Bayesian spatial misclassification model for areal count data with applications to COVID-19.
Access changed 9/25/23.
As of December 14, 2020, there have been more than 72.1 million confirmed cases, of which more than 1.61 million have died of COVID-19 globally. In the United States, there are more than 16,200,000 confirmed cases and 299,000 COVID-19-related deaths, the most cases, and deaths of any country. However, even with the huge number of confirmed diagnoses, the public burden of the pandemic is still masked by under-reporting and misclassification. Based on the Bayesian spatial model and Poisson regression, we study two topics, aiming to provide a flexible quantitative approach for simulating and correcting the under-reporting and misclassification of COVID-19 at the US state level.

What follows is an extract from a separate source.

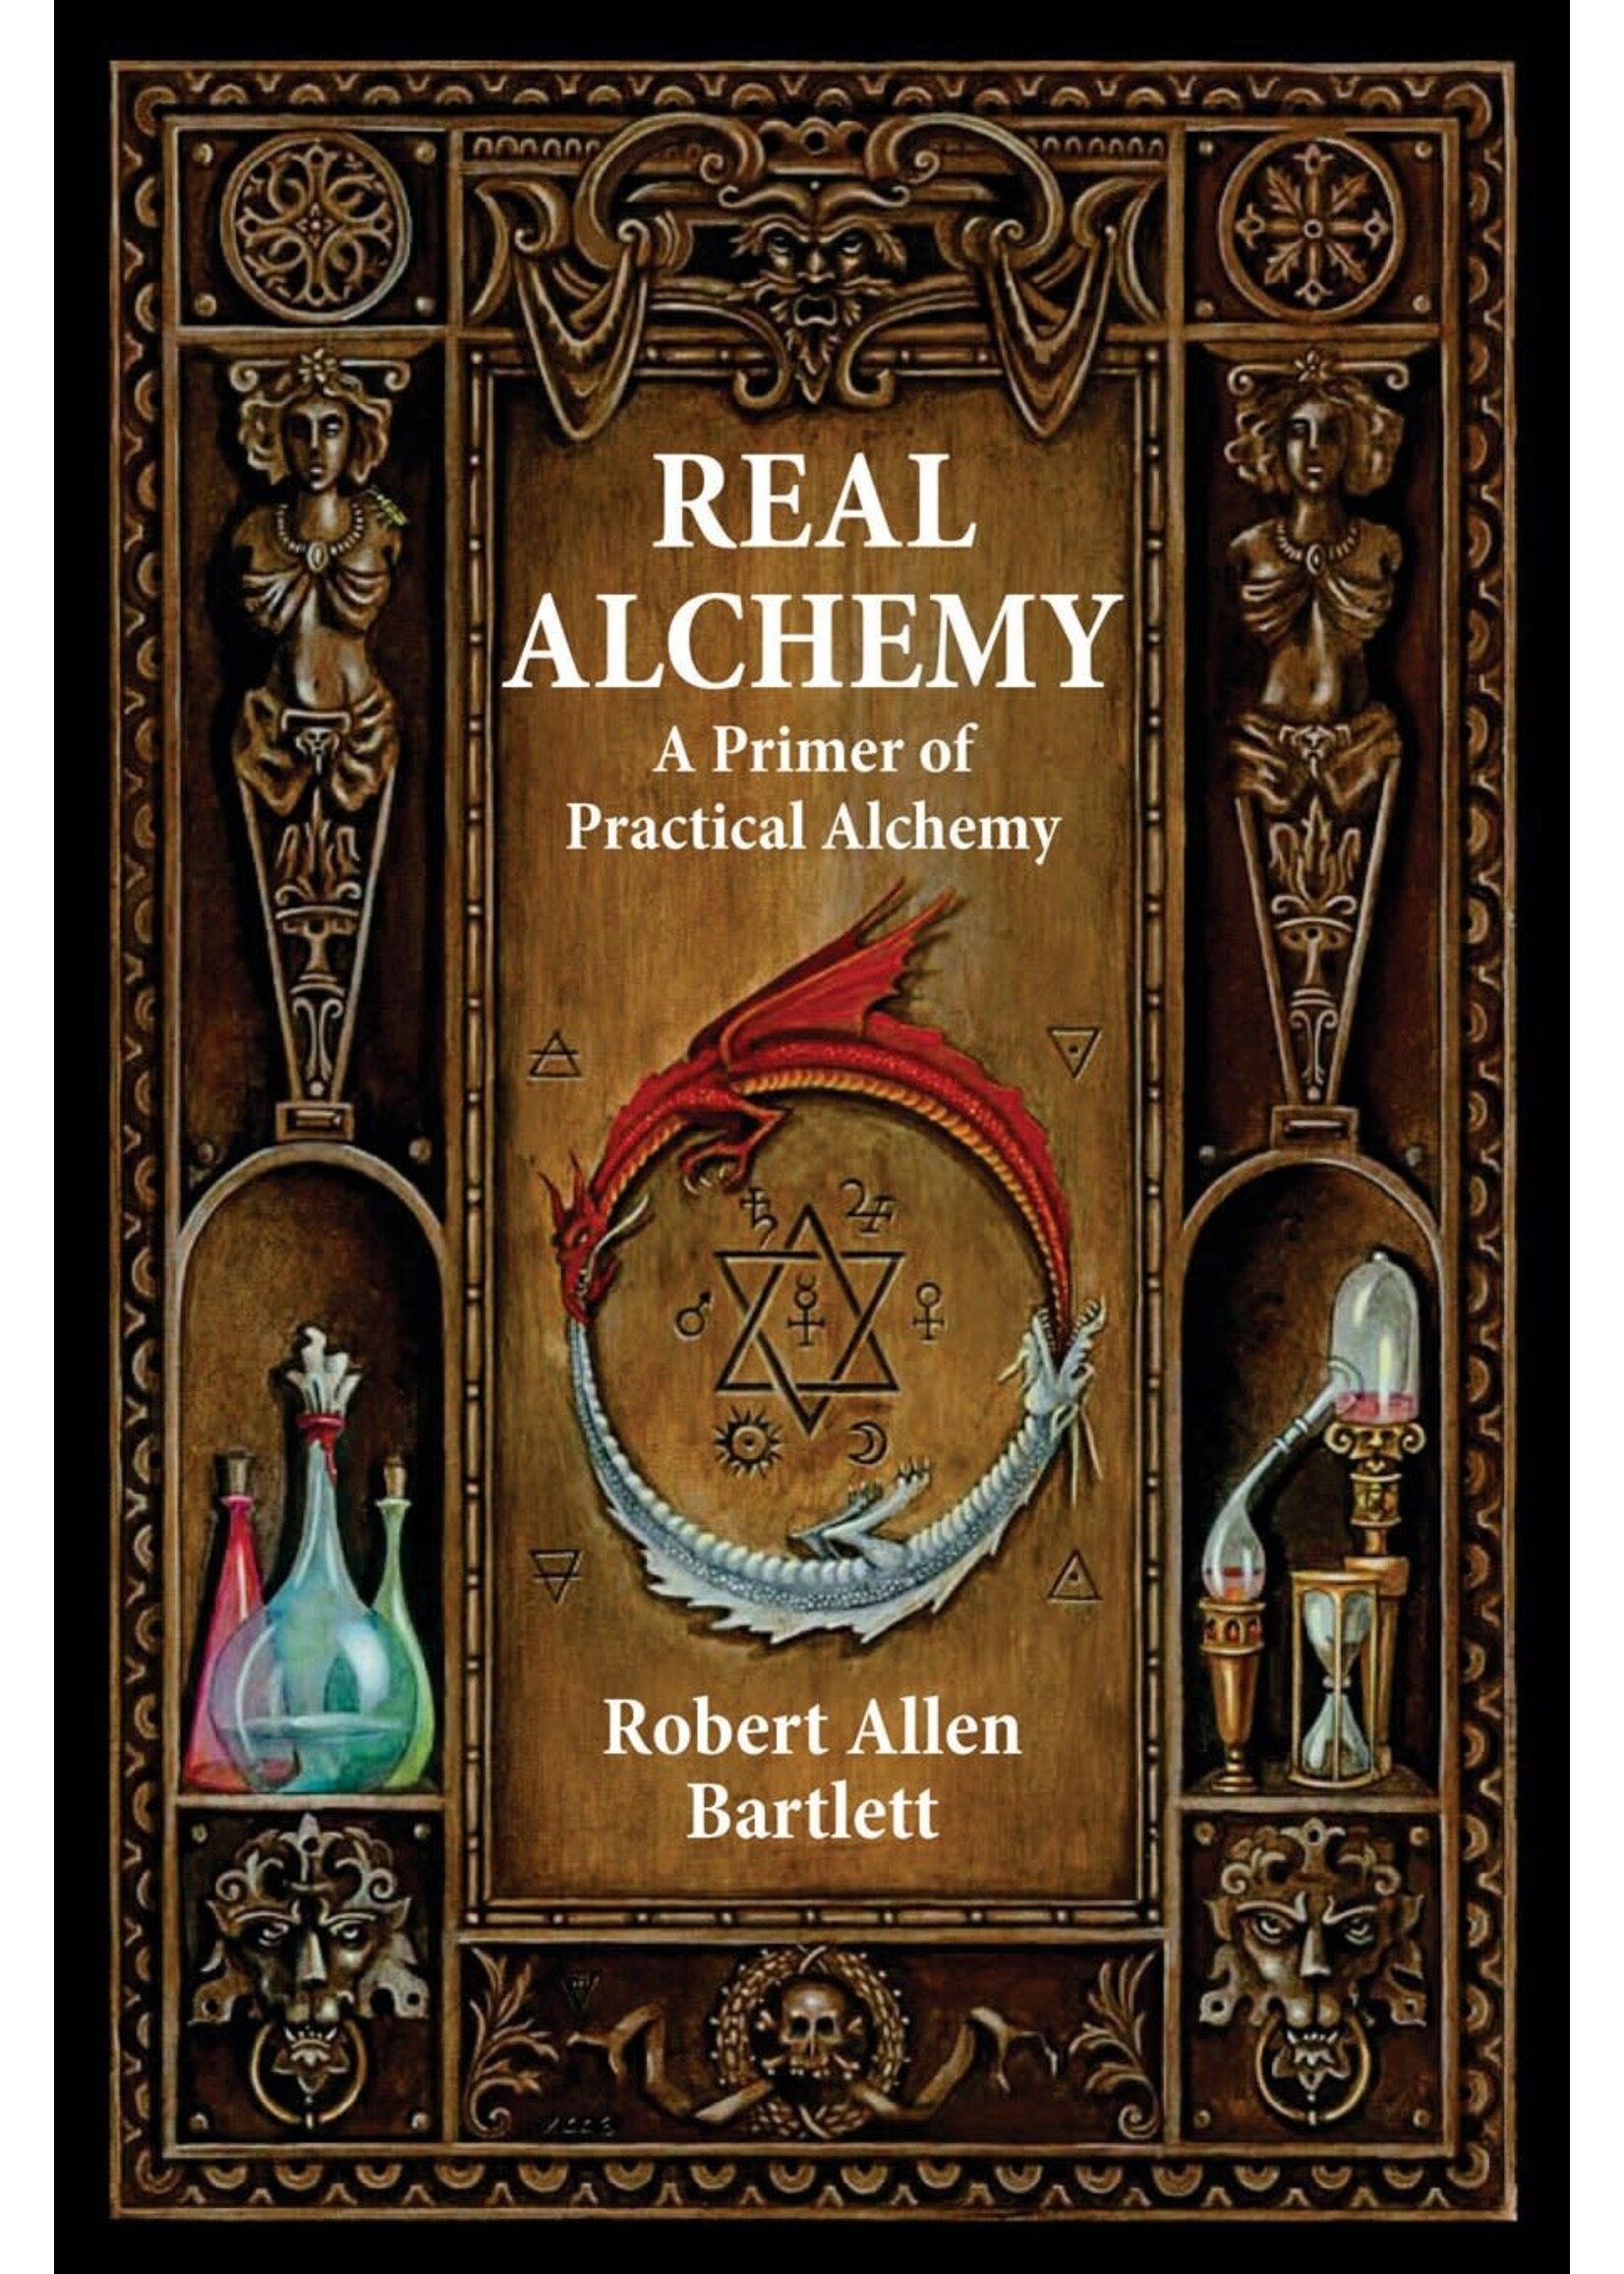 Real Alchemy: A Primer of Practical Alchemy by Robert Allen Bartlett

Topic 1 quantifies under-reporting rates with Poisson-logistic regression, combined with the prior information derived from the results of the SARS-CoV-2 antibody sampling study, and then estimates the true case of COVID-19 in each state of the US. Topic 1 also combines the Besag-York-Mollié 2 (BYM2) model to correct the bias of parameter estimation caused by ignoring the spatial autocorrelation. Topic 2 proposes a bivariate Bayesian spatial misclassification model, which can simultaneously calibrate the misclassification of two counts of the same area (for example, state or county). Deaths related to COVID-19 are considered to be misclassified to other causes and vice versa (although the latter case is relatively fewer). In addition, because the number of deaths at the state level shows obvious spatial similarity, BYM2 random effects are included to explain the variability beyond the covariates. Our model was applied to state-level COVID-19 deaths and other deaths, achieving satisfactory results that can be a reference for estimating the true COVID-19 deaths. Topic 3 proposes and discusses the determination of sample size based on skew-normal distribution. This method adopts Bayesian intensive simulation to overcome limitations of closed-form approximation and normality assumption while ensuring sufficient statistical power and nominal coverage of confidence interval (or credible set). Our approach demonstrates good performance and application prospects.